SQL will (maybe sadly?.. maybe not?) not go away. Many so-called 'NoSQL' are looking into providing SQL or already provided SQL (with or without limitations) to their users because they just want to use what they know. I would be stoked for an SQLV2 standard!
Of course, you will use materialized views for even better performance.
> ...the worst are full of passionate intensity.
that said, it's difficult to feel sympathy for people supporting a platform that encourages terrorism, murder, etc.

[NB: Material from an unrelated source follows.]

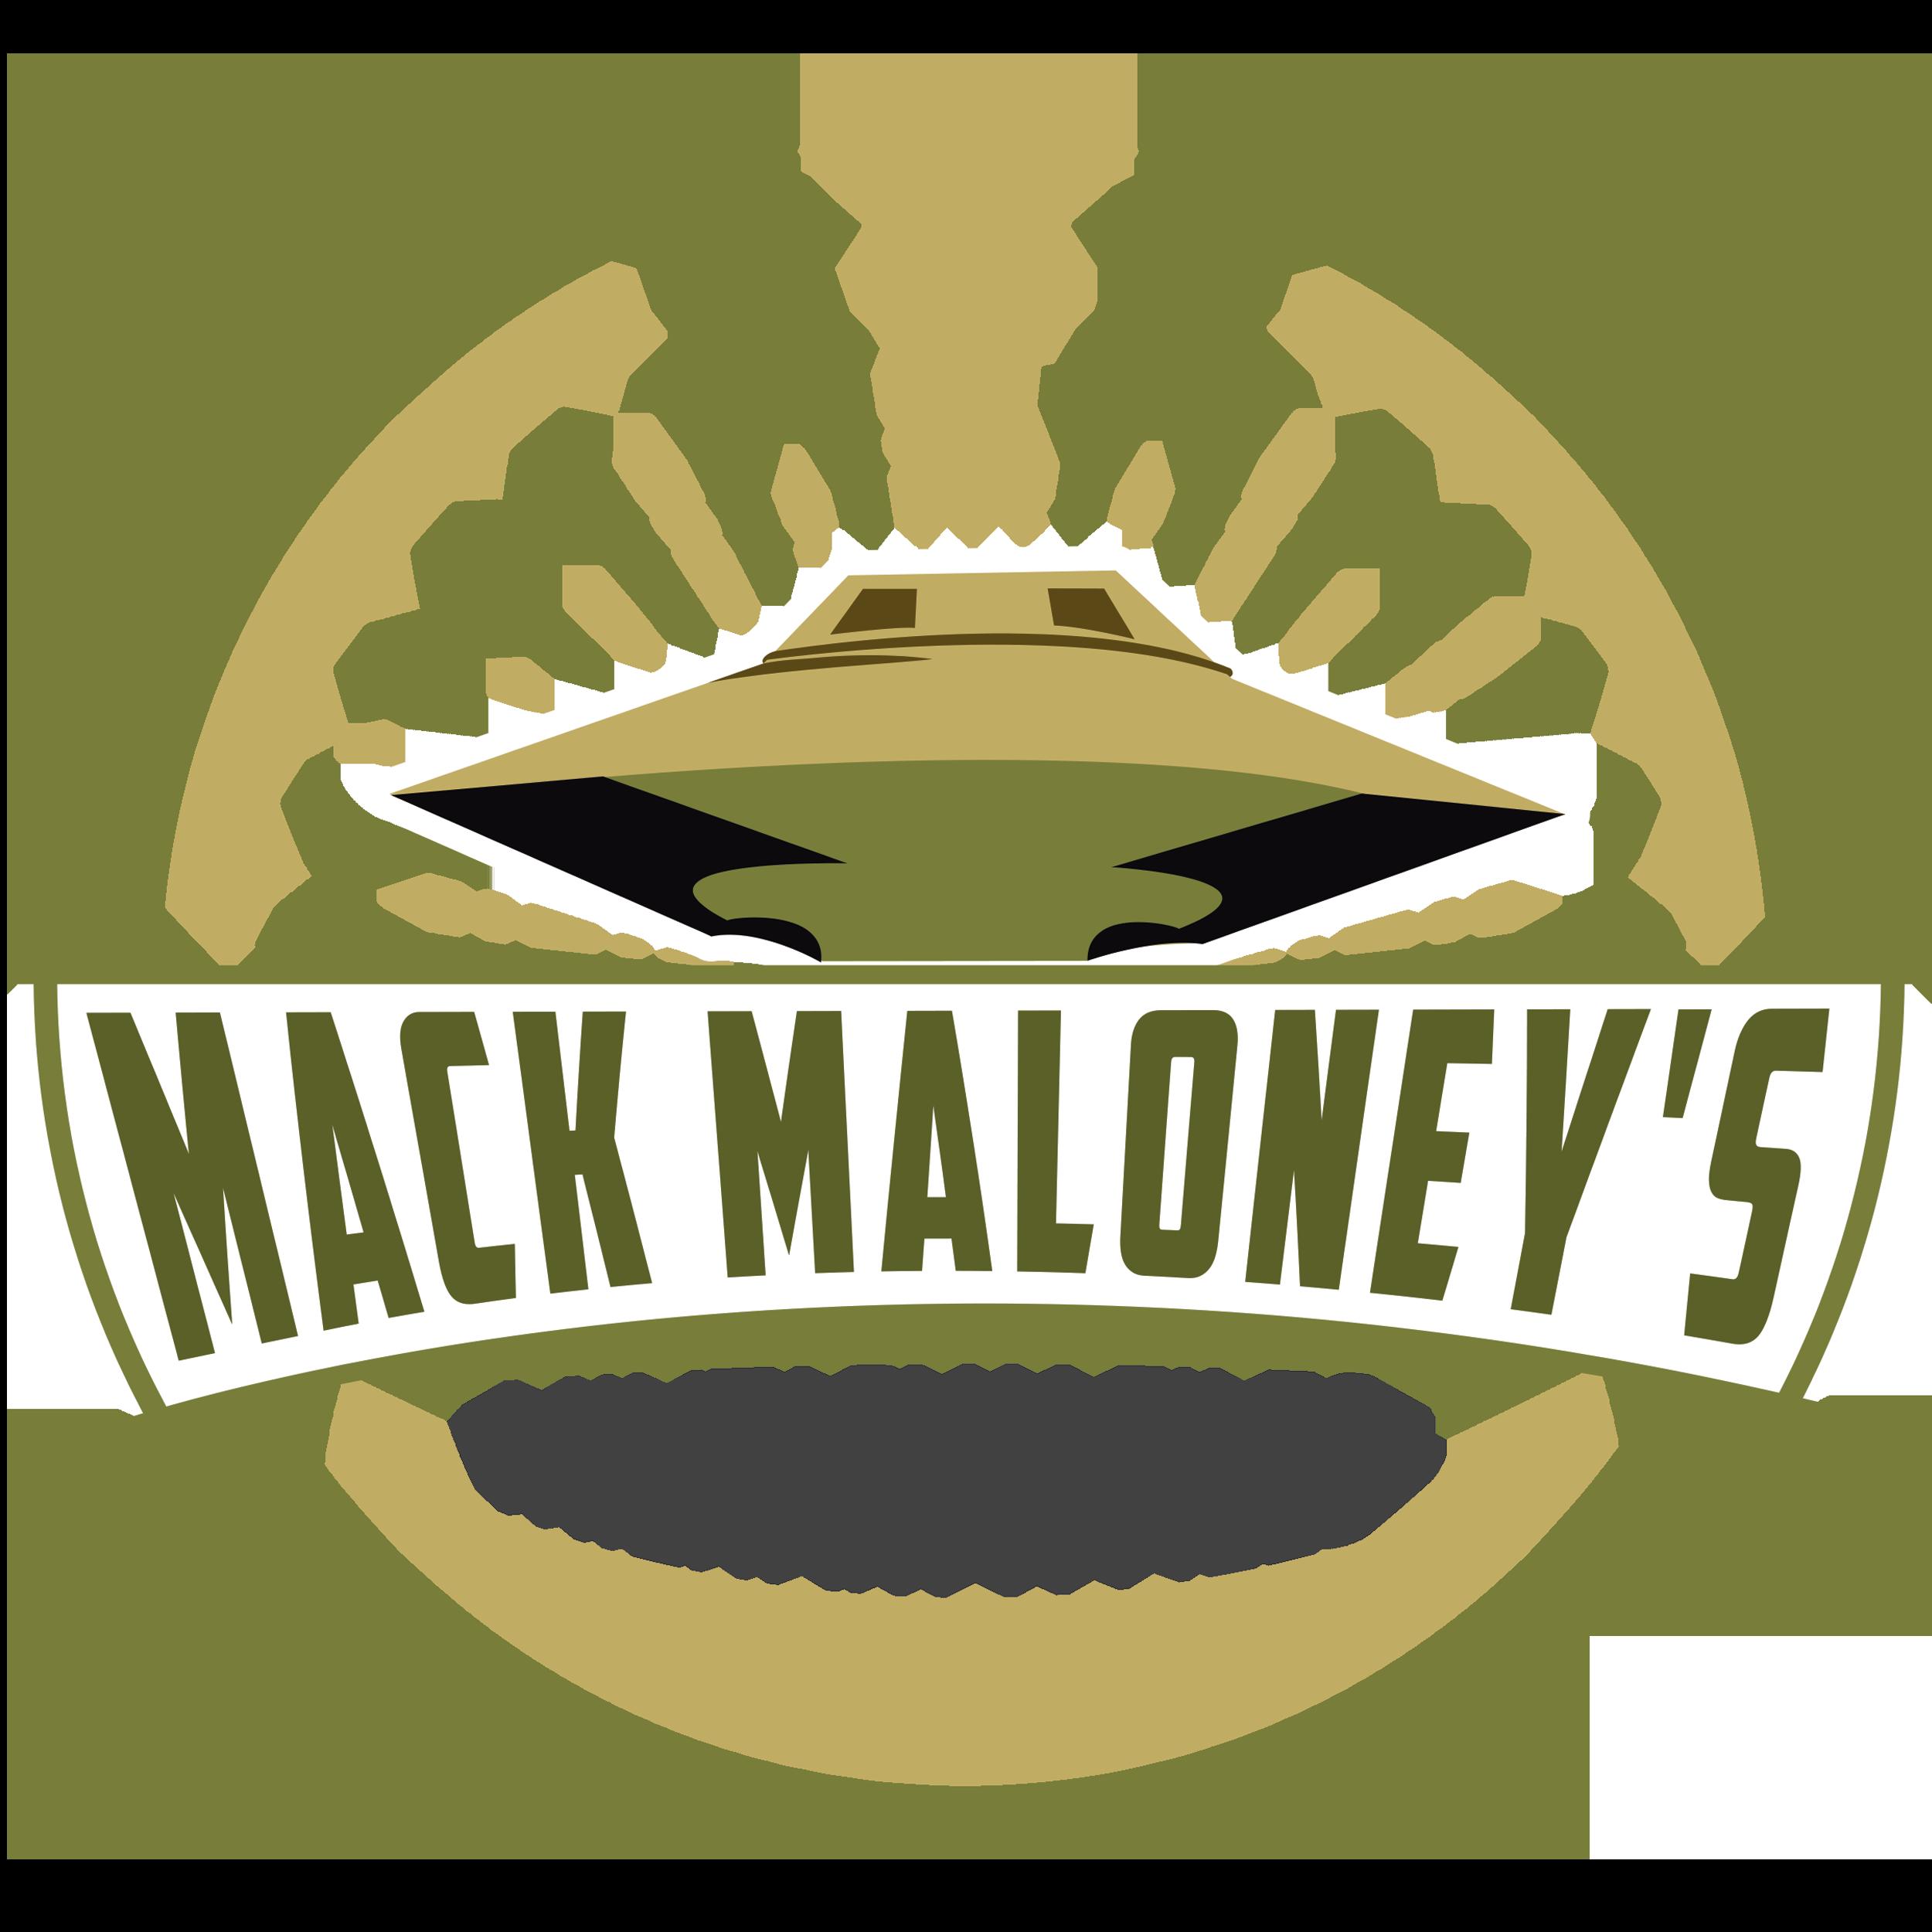 military-xfiles_logo_2500x2500

The type of join shouldn't be a problem, SQL engines should in most cases be able to determine the best join. In the cases it can't you can go start tweaking (although tricky to get right, especially if your data evolves, it's possible, you probably want to fix your query plan). B is however tricky and a performance loss since it's really a bit silly that data is flattened into a set each time to be then (probably) put into a nested (Object-Oriented or JSON) format to provide the data to the client. This is closely related to C, in a social graph you might have nodes (popular people or tweets) who have a much higher amount of links than others. That means if you do a regular join on tweets and comments and sort it, on the tweet you might not get beyond the first person. Instead, you probably only want the first x comments. That query might result in an amount of nested groups. So it might look more like the following SQL (wrote it by heart, probably not correct):
SELECT tweet.*, jsonb_agg(to_jsonb(comment)) ->> 0 as comments, FROM tweet JOIN comment ON tweet.id = comment.tweet_id
GROUP BY tweet.id HAVING COUNT(comment.tweet_id) < 64 LIMIT 64
That obviously becomes increasingly complex if you want a feed with comments, likes, retweets, people, etc.. all in one. There are reasons why two engineers that helped to scale twitter create a new database (https://fauna.com/) where I work. Although relational, the relations are done very differently. Instead of flattening sets, you would essentially walk the tree and on each level join. I did an attempt to explain that here for the GraphQL case: https://www.infoworld.com/article/3575530/understanding-grap...
TLDR, in my opinion you can definitely use a traditional relational database. But it might not be the most efficient choice due to the impedance mismatch. Relational applies to more than traditional SQL databases though, graph database or something like fauna is also relational and would be a better match (Fauna is similar in the sense that joins are very similar to how a graph database does these). Obviously I'm biased though since I work for Fauna.